Task: Set the pictures aside and transcribe exactly the lines from the one containing "(色 : Silver)" through the final line of the records.

--- Material provided Enclosed Below ---

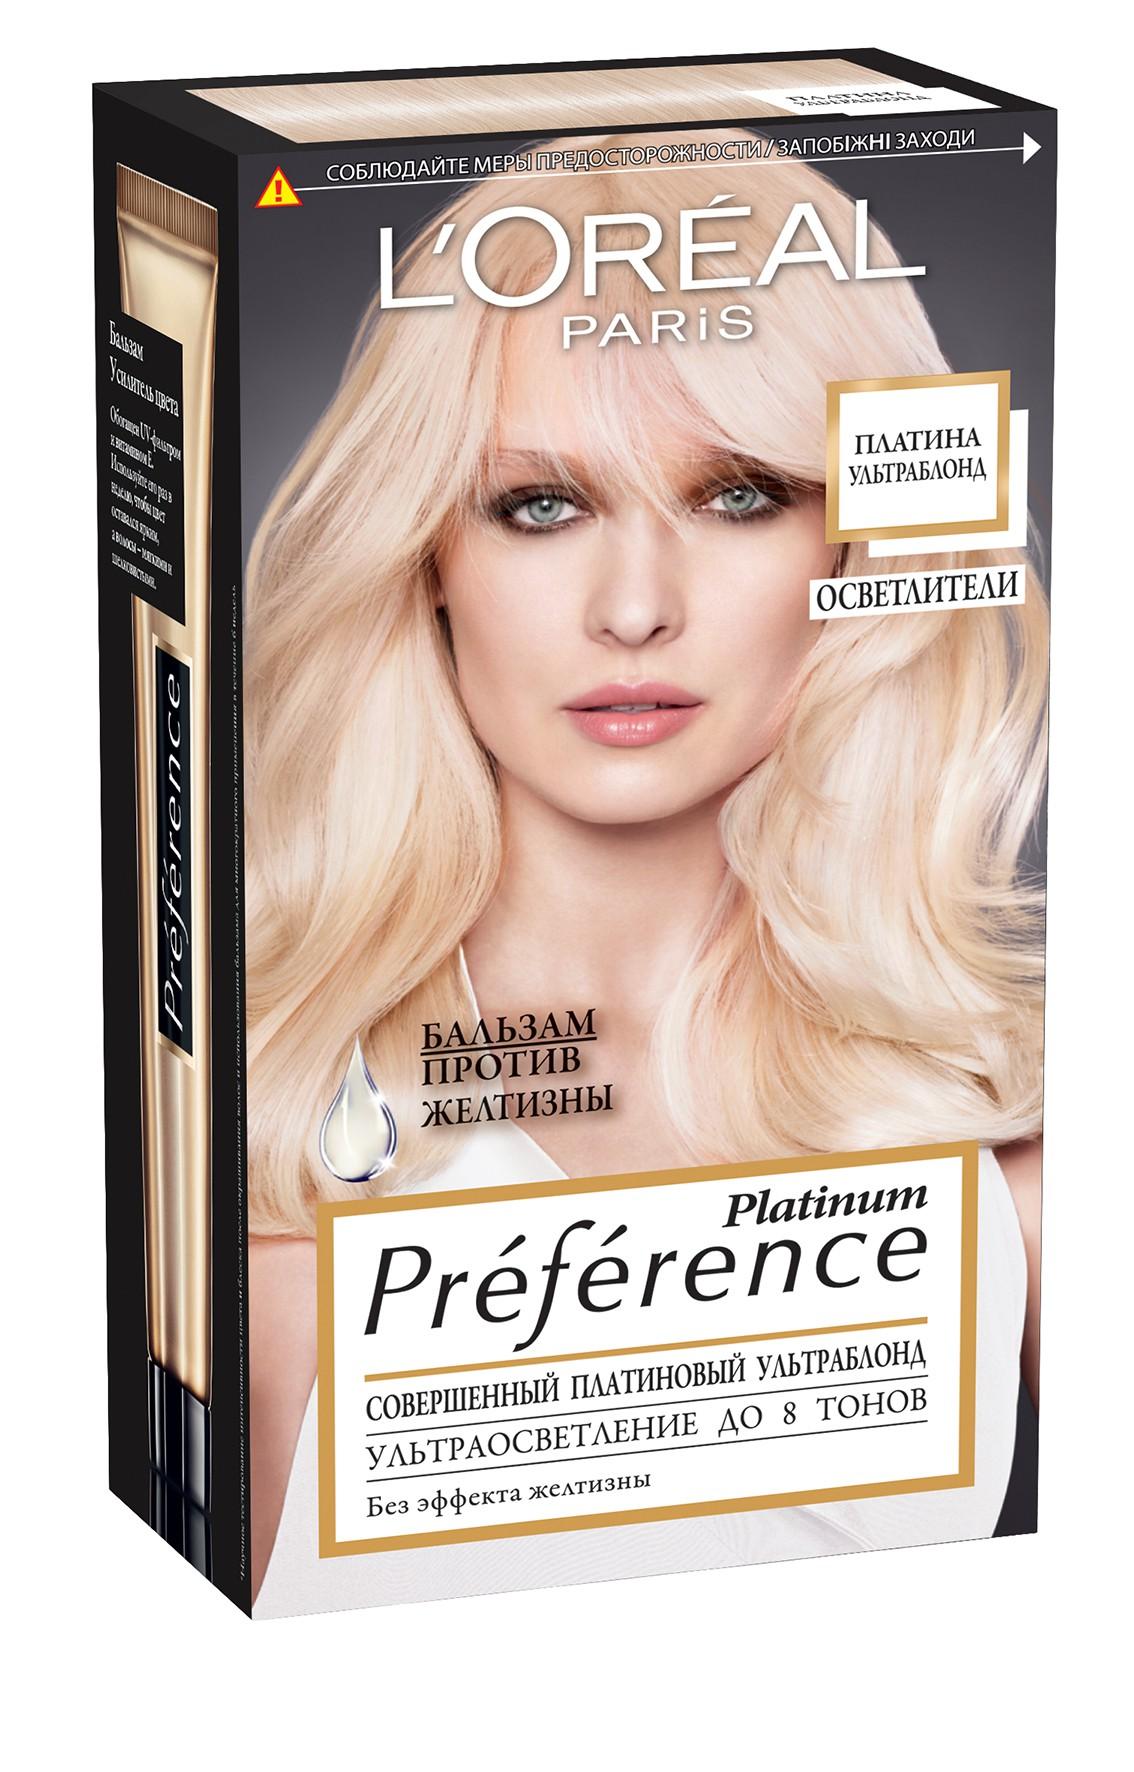 LOreal Paris Стойкая краска для волос Preference, Платина Ультраблонд, 8 тонов осветленияC4531010Последнее поколение средств для достижения совершенного ПЛАТИНОВОГО УЛЬТРАБЛОНДА - краска Preference Platinum от LOreal Paris. Инновационная формула осветляет волосы до 8-ми тонов. Превосходный результат окрашивания волос дома! Бальзам обогащен холодными красителями ПРОТИВ ЖЕЛТИЗНЫ. Комплекс ЭКСТРА-БЛЕСК обеспечивает роскошное сияние надолго! В состав упаковки входит: тюбик с осветляющим кремом (25 мл), флакон с проявляющим кремом (75 мл), упаковка осветляющего порошка (22 г), бальзам против желтизны (54 мл), инструкция по применению, пара перчаток.1. Стойкий сияющий цвет 2. Делает волосы мягкими и шелковистыми 3. Полное закрашивание седины
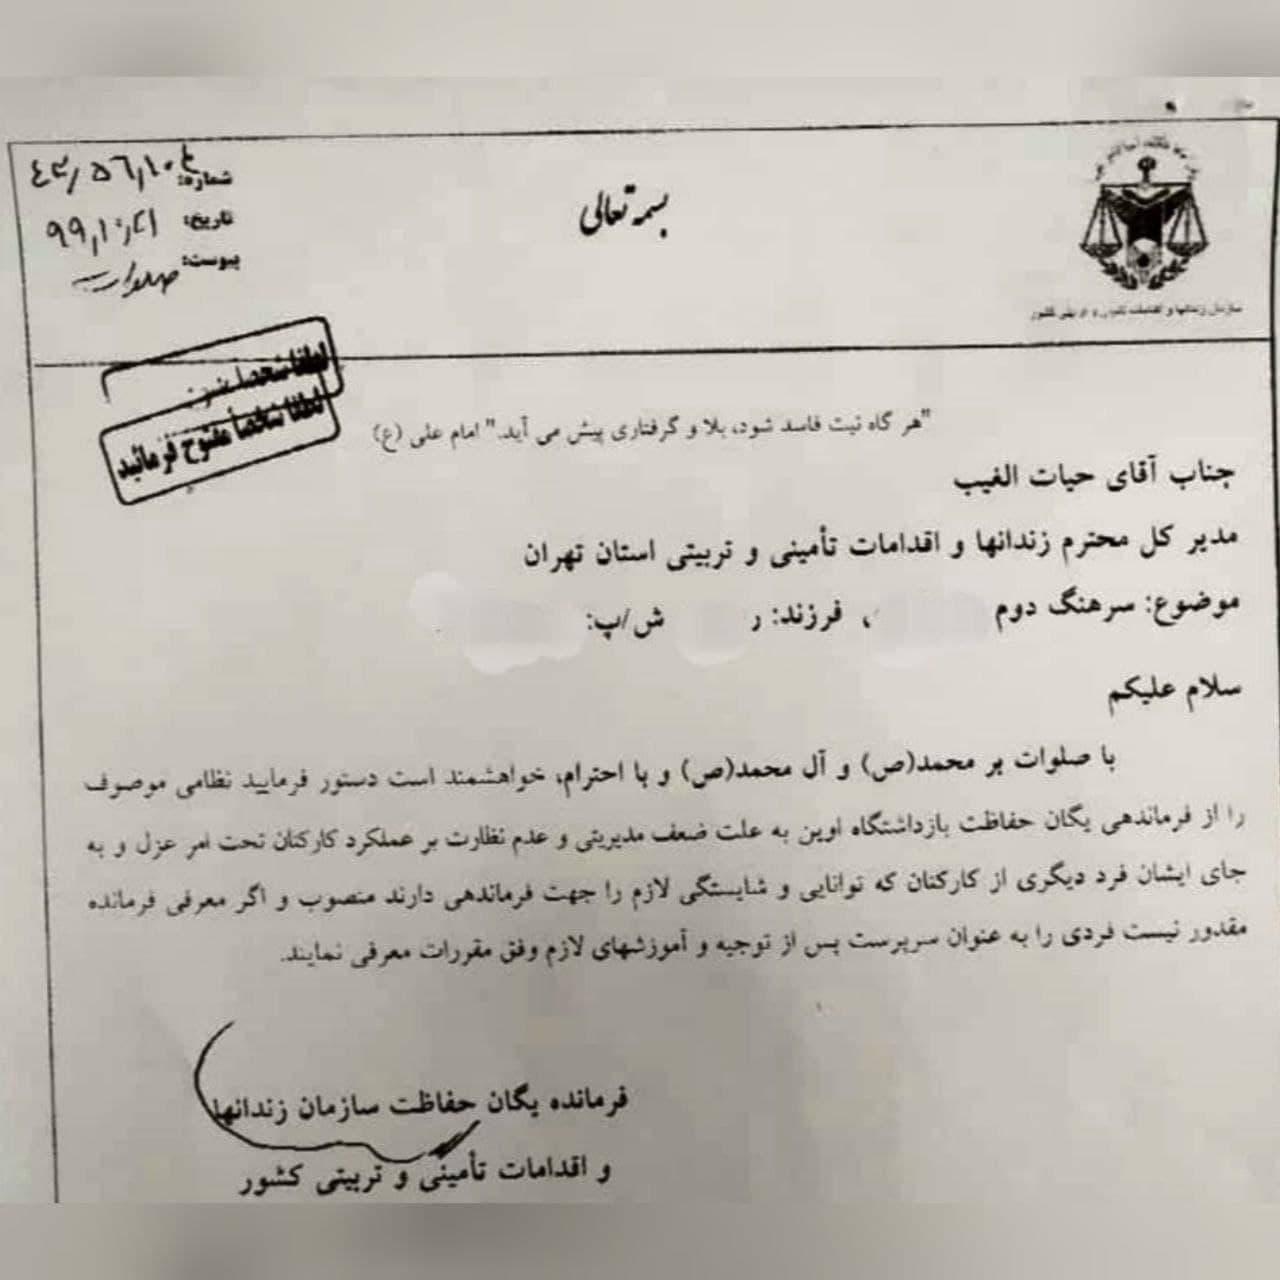 رئیس سازمان زندانها تصویر دستور عزل فرمانده حفاظت زندان اوین را منتشر کرد
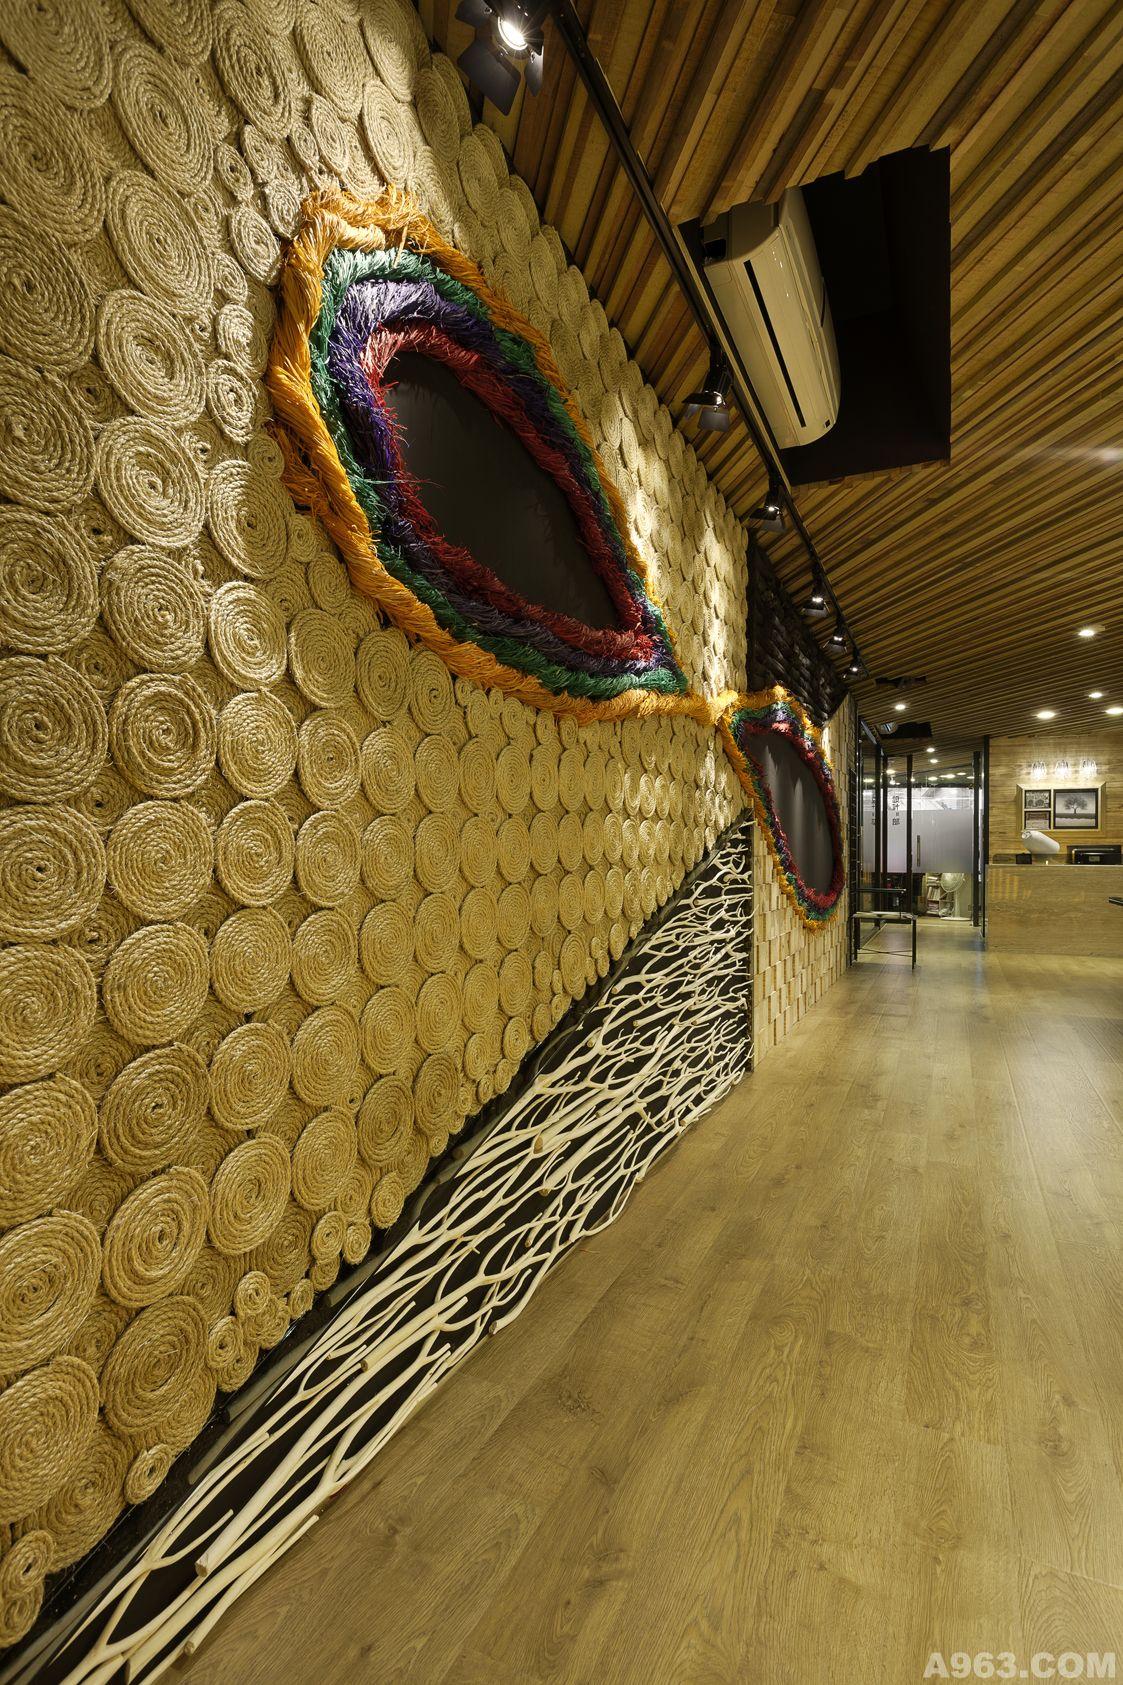 中华室内设计网 作品中心 公共空间 办公空间 > 拾雅客空间设计作品
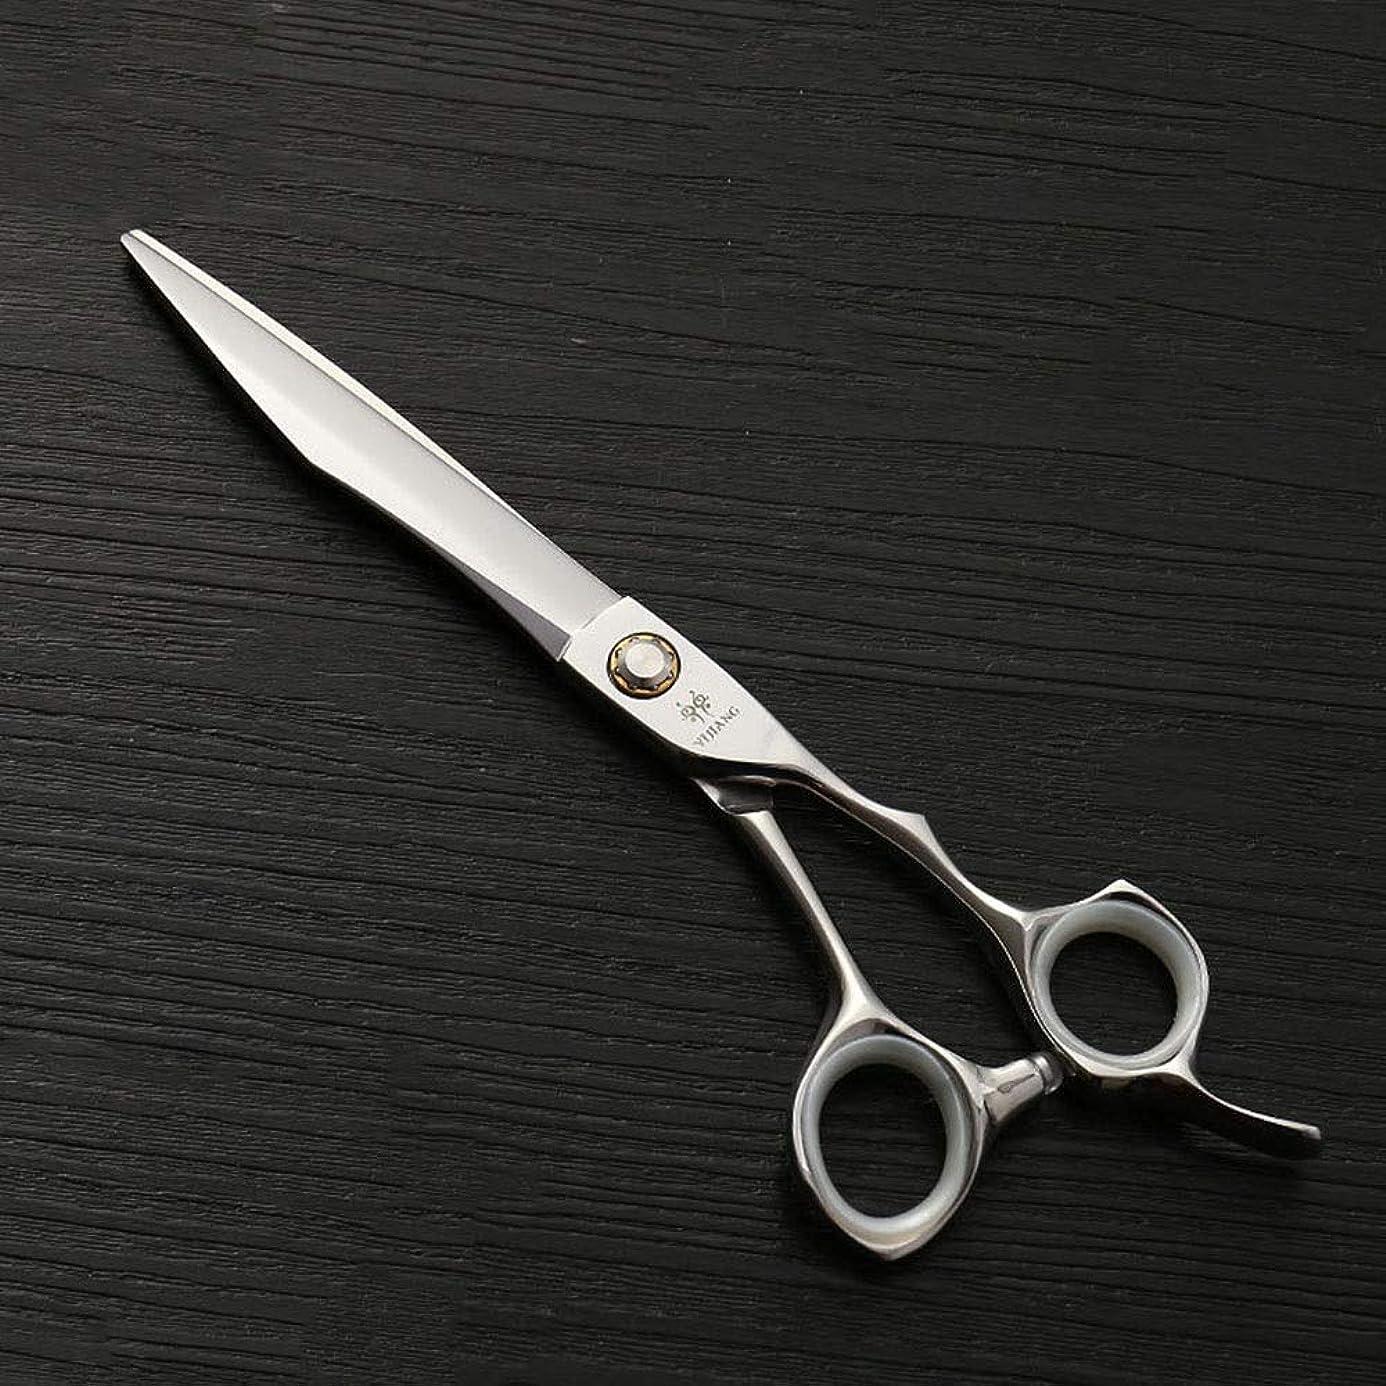 究極の仮定ファウルトリミングシザー 440C高品質スチールペットストレートカット7.0インチナイフアックスビッグカットフラットシアーヘアカットシザーステンレス理髪はさみ (色 : Silver)
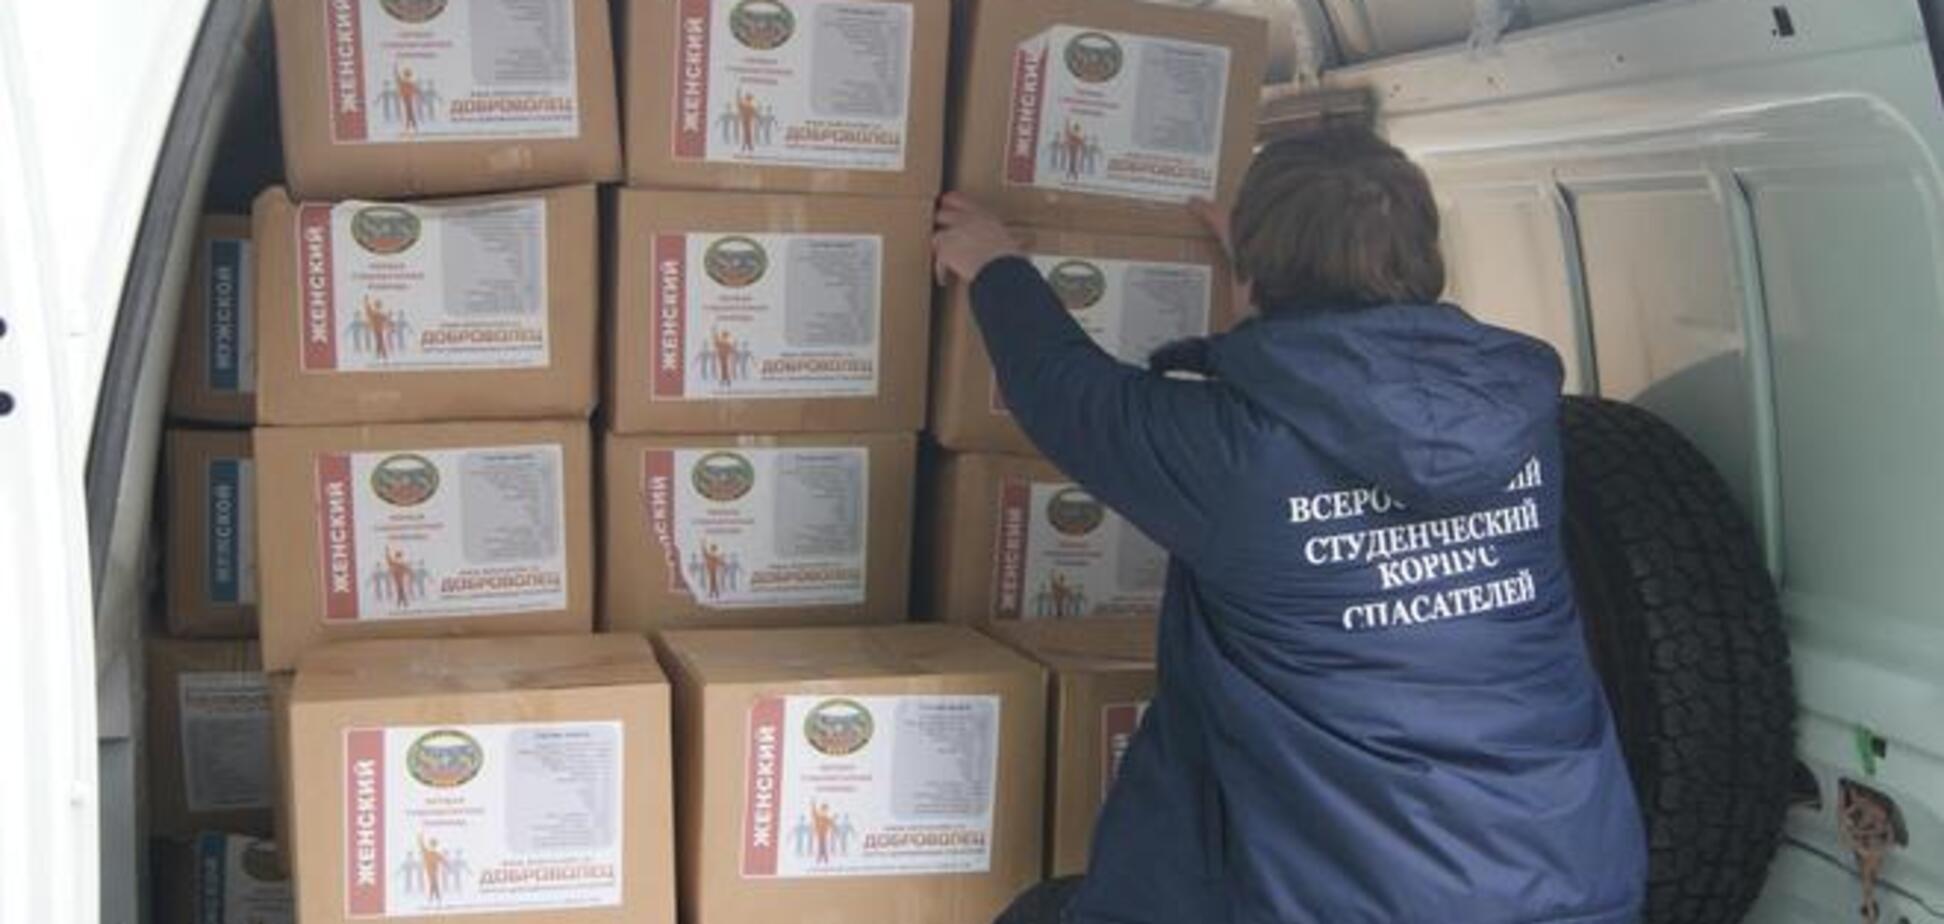 У включеному Криму розкрадають гуманітарну допомогу бідним сім'ям

--- End of Enclosed Material provided ---

Answer to the problem:
 究極の仮定ファウルトリミングシザー 440C高品質スチールペットストレートカット7.0インチナイフアックスビッグカットフラットシアーヘアカットシザーステンレス理髪はさみ (色 : Silver)
 У включеному Криму розкрадають гуманітарну допомогу бідним сім'ям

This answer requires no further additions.